• WHAT NEEDS TO BE DONE: Give back exactly the lines of the material below that start at the one holding "Fluorescent Lime (6007-9C)" and end at the last line, minus the pictures.

• DATASET SECTION:
########################################

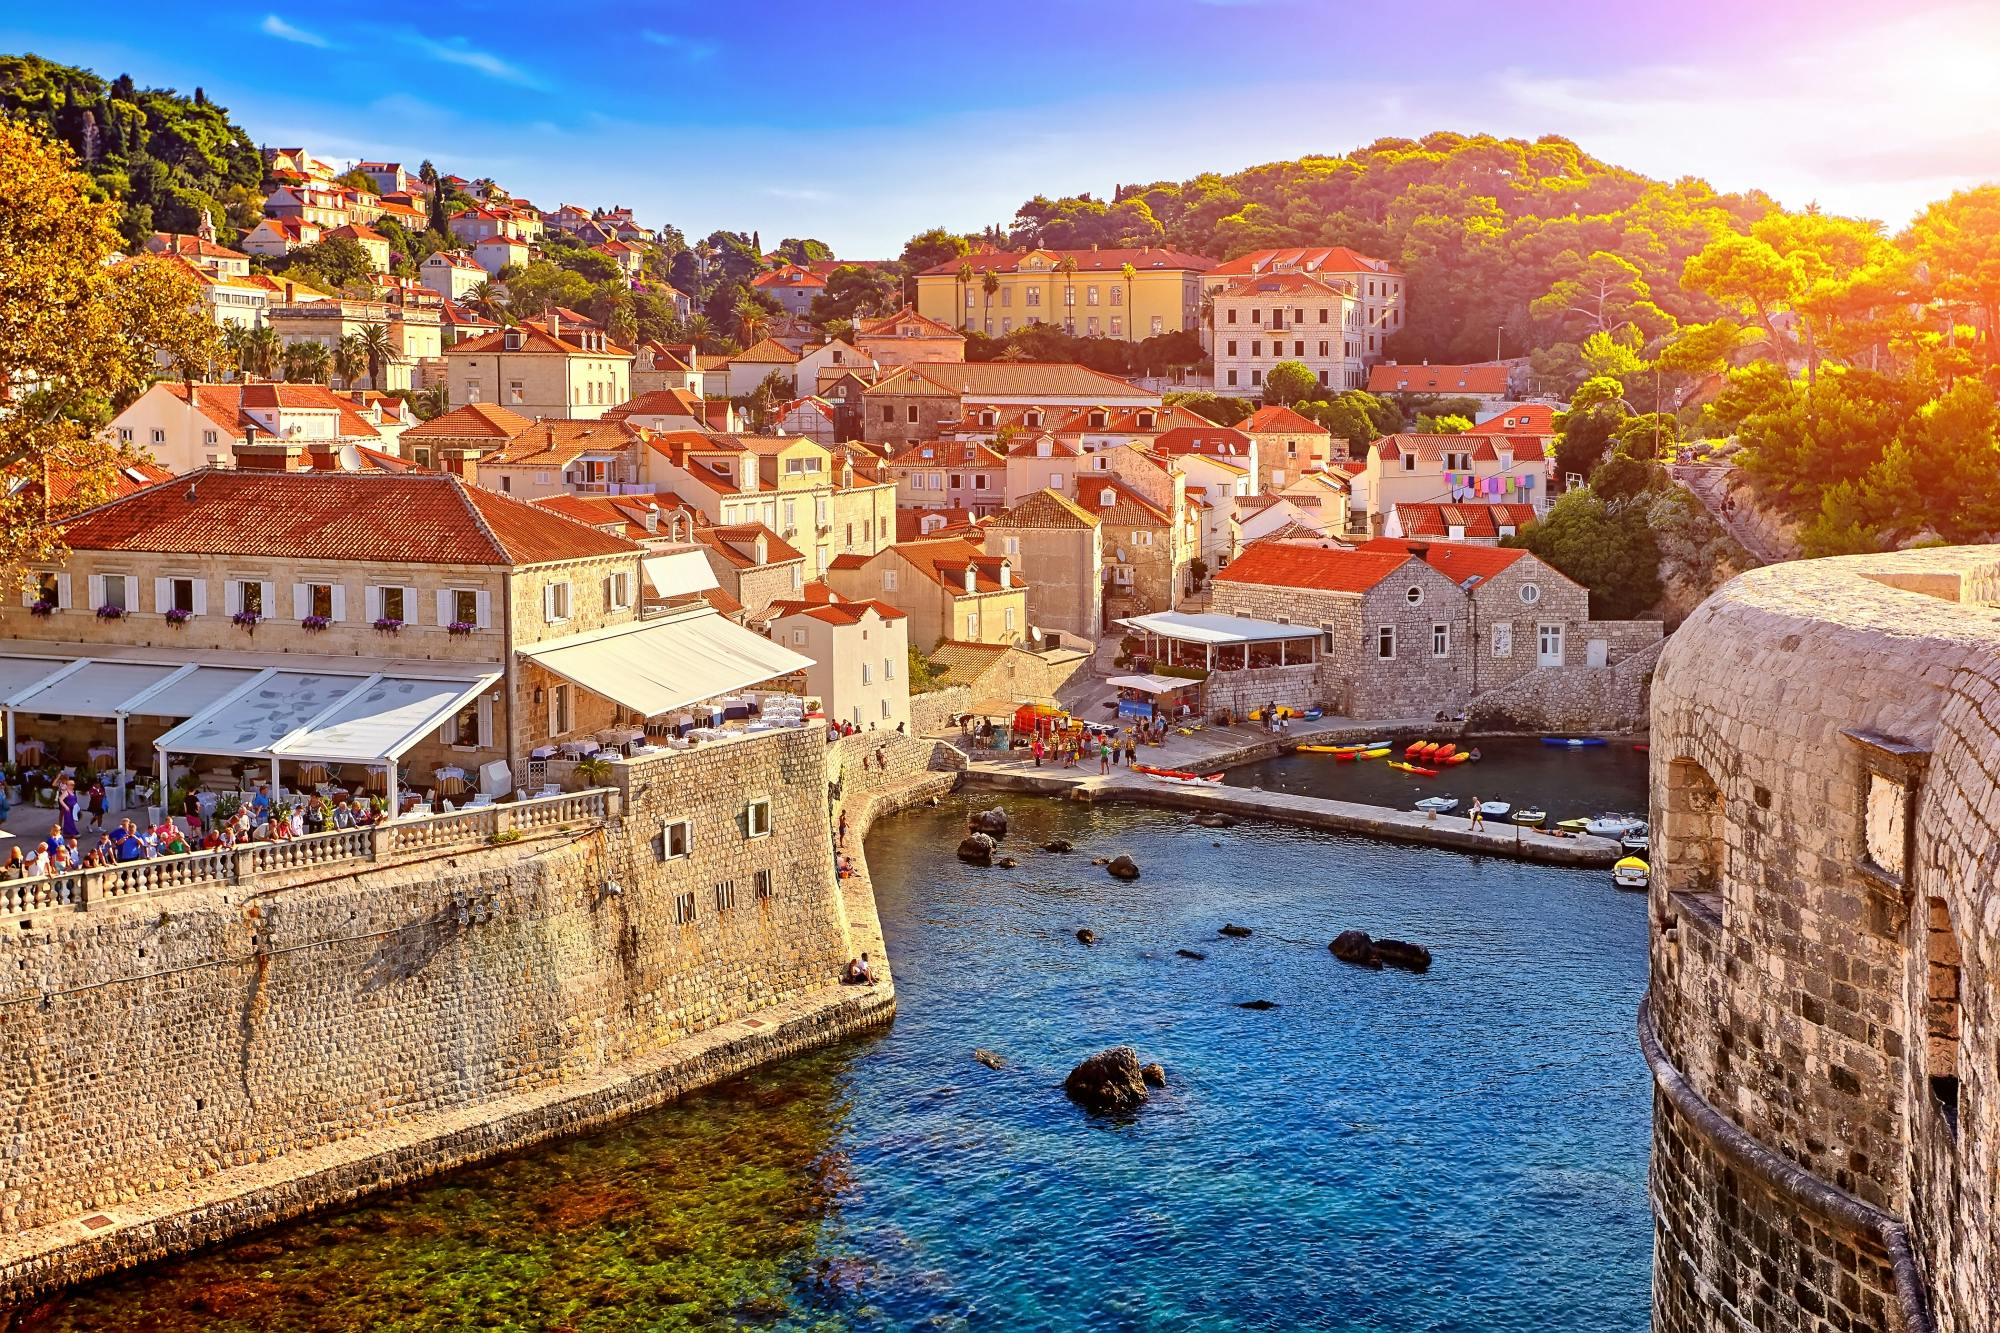 Excursão de dia inteiro em Dubrovnik saindo de Trogir
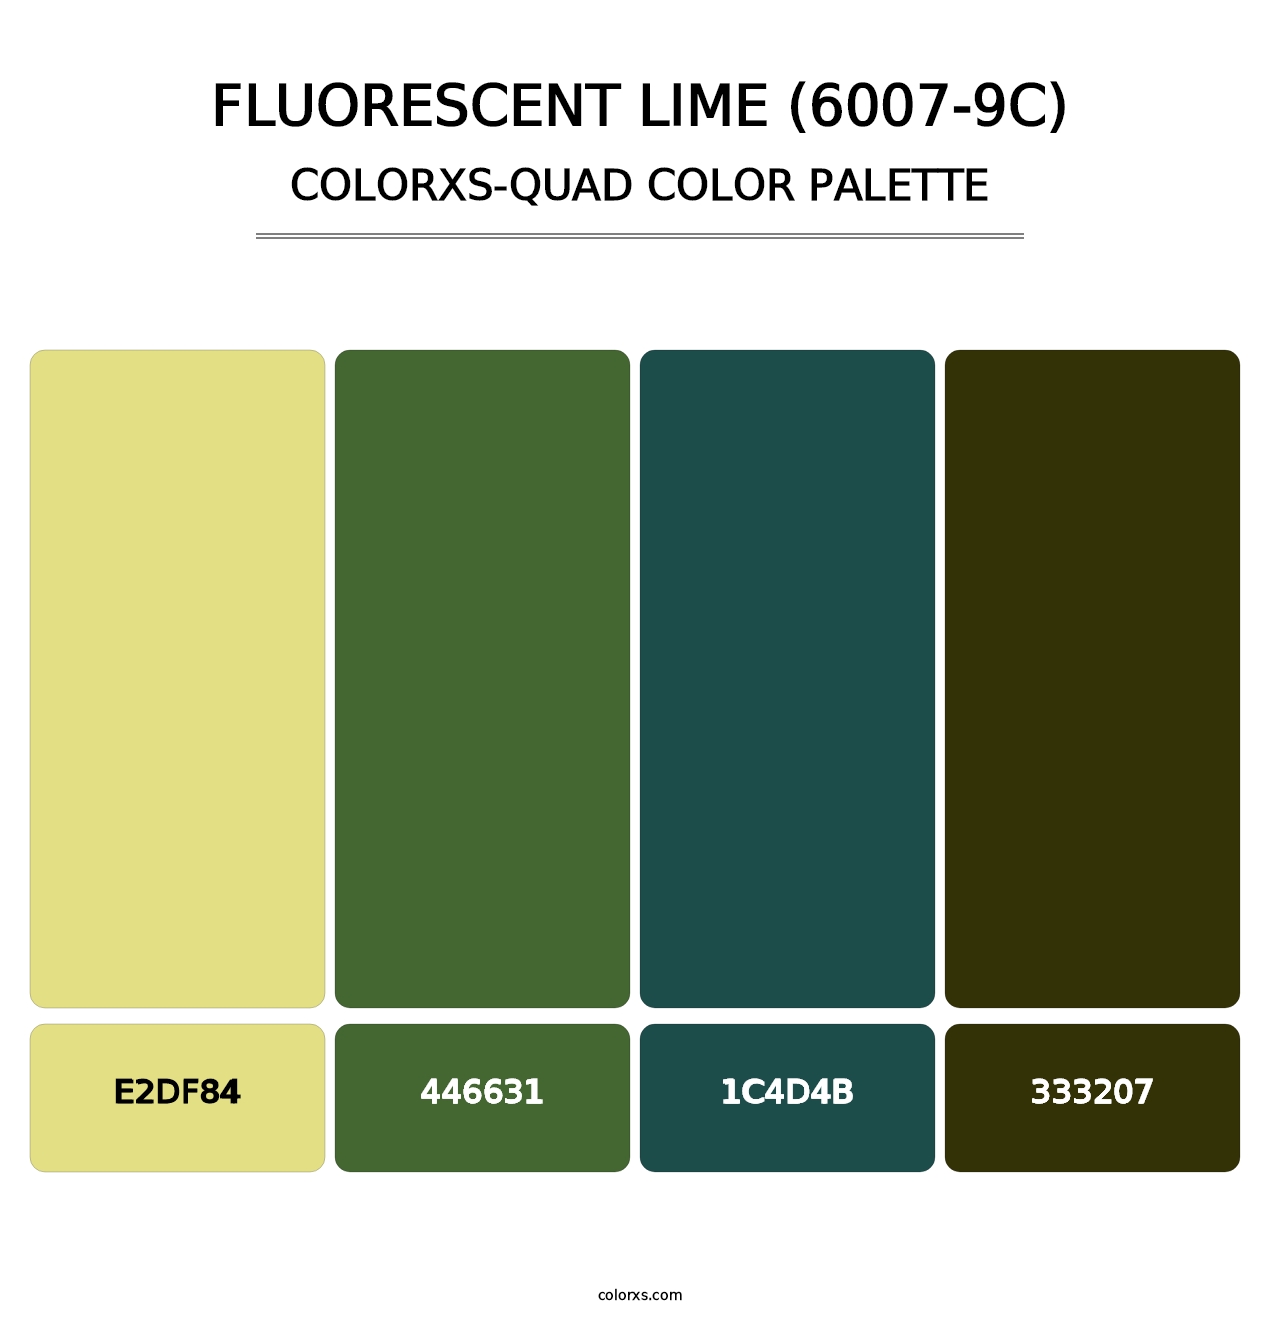 Fluorescent Lime (6007-9C) - Colorxs Quad Palette
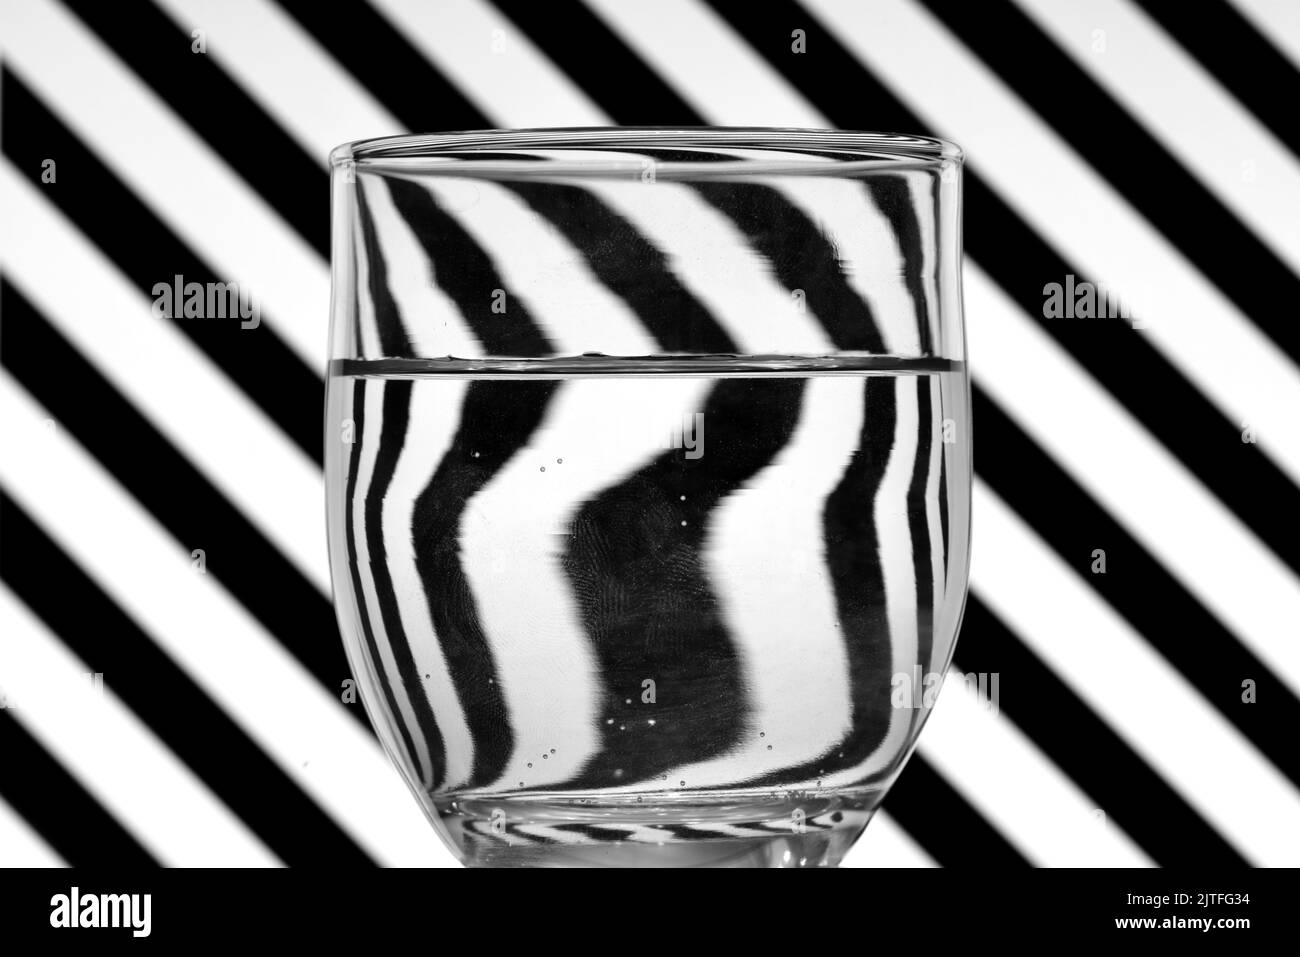 Ilusión óptica creada mediante la refracción de la luz, lineas oblicuas en blanco y negro reflejadas en un vaso de agua Stock Photo
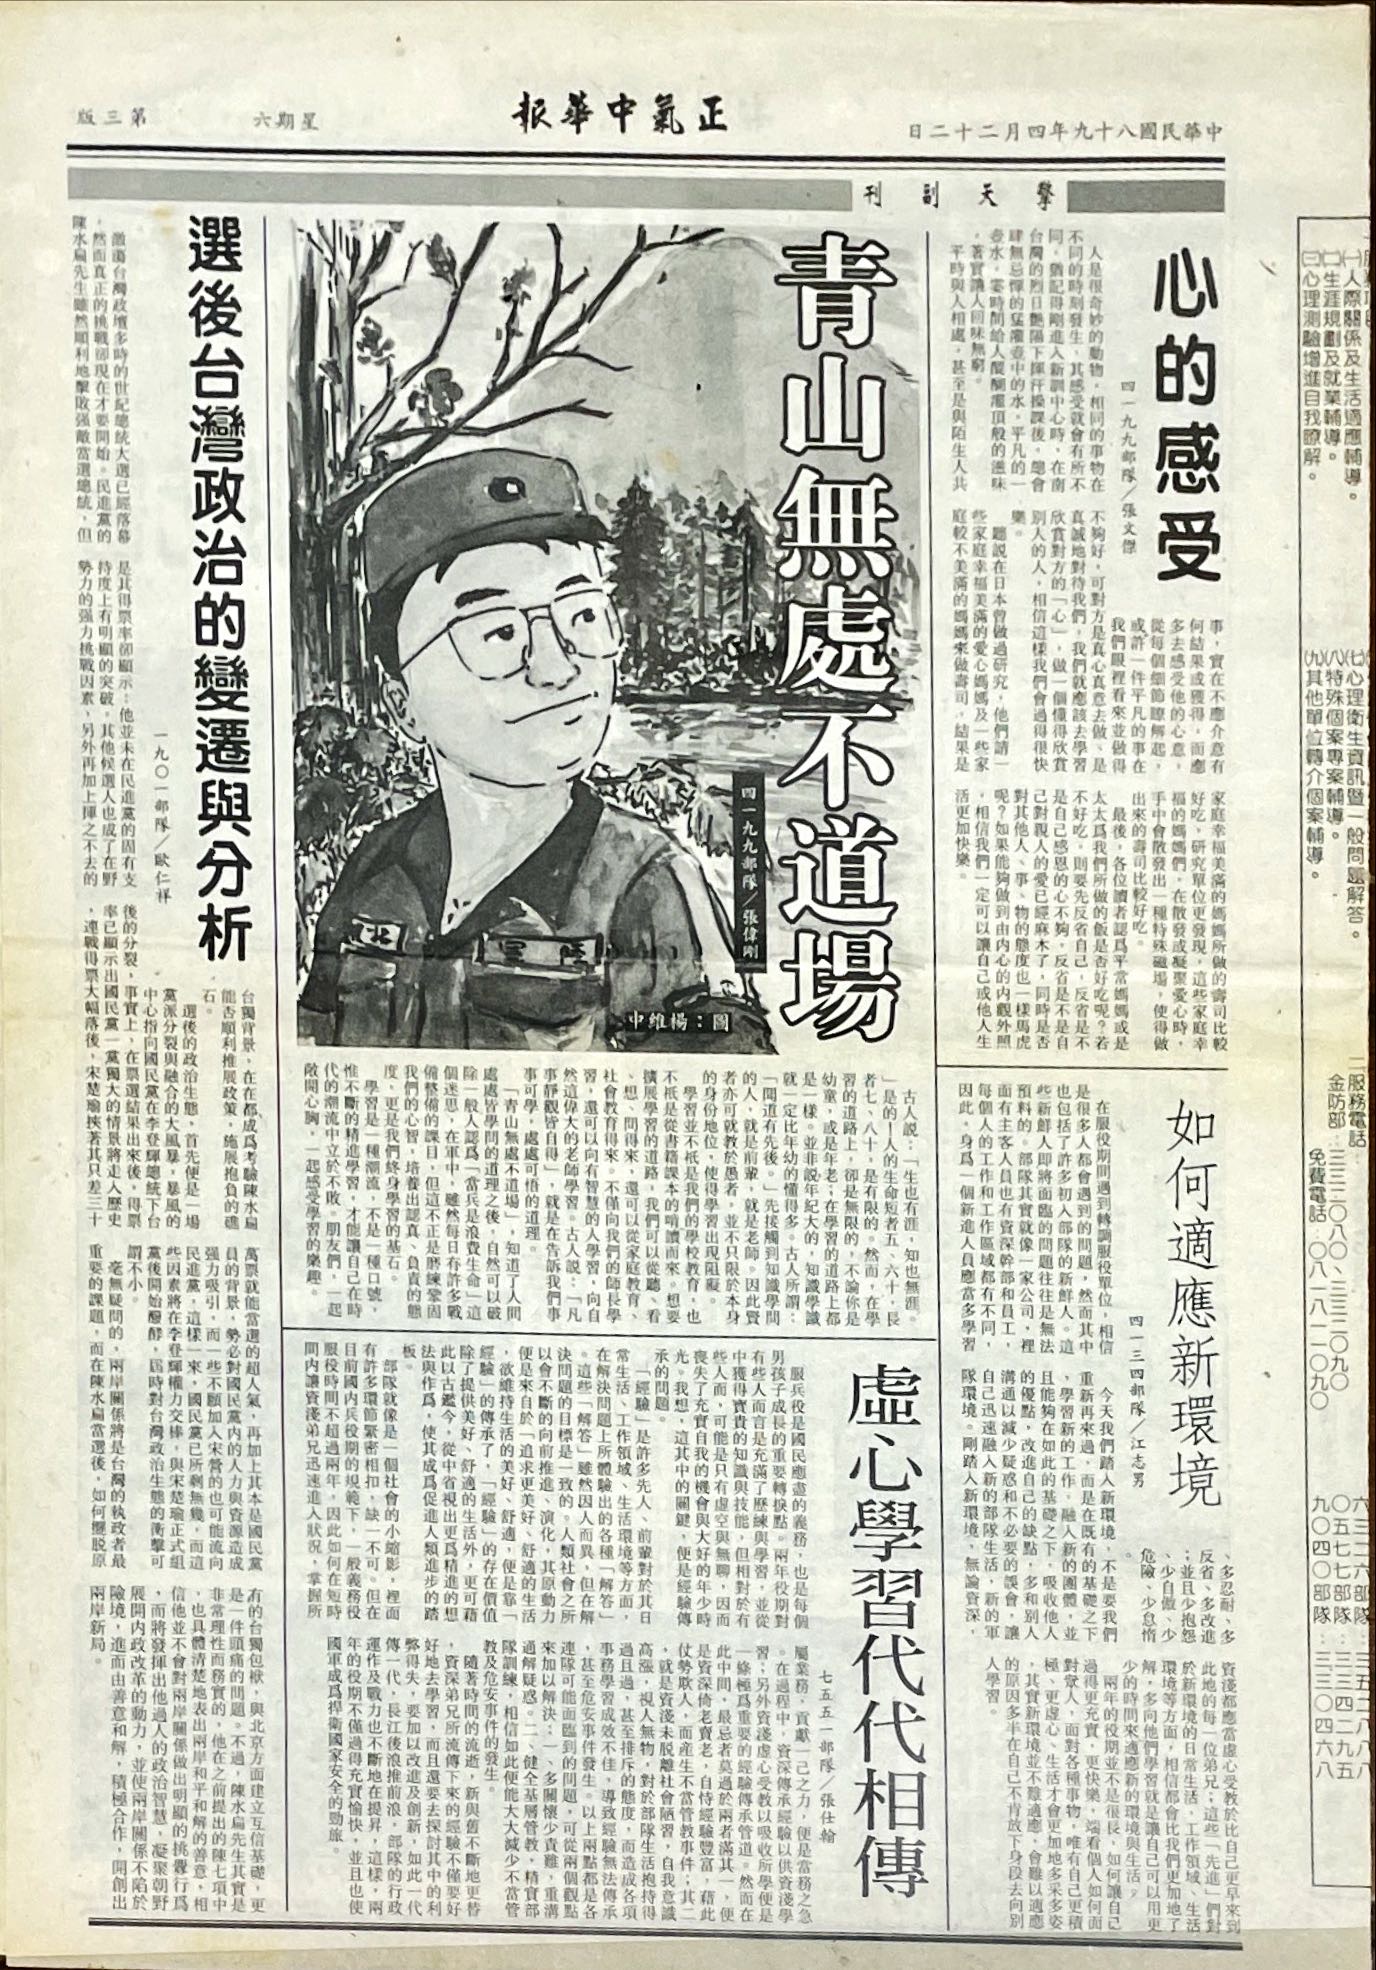 民國八十九年四月二十二日正氣中華報擎天副刊

########################################

• RESULT OF THIS TASK:
 Fluorescent Lime (6007-9C) - Colorxs Quad Palette
 Ilusión óptica creada mediante la refracción de la luz, lineas oblicuas en blanco y negro reflejadas en un vaso de agua Stock Photo
 民國八十九年四月二十二日正氣中華報擎天副刊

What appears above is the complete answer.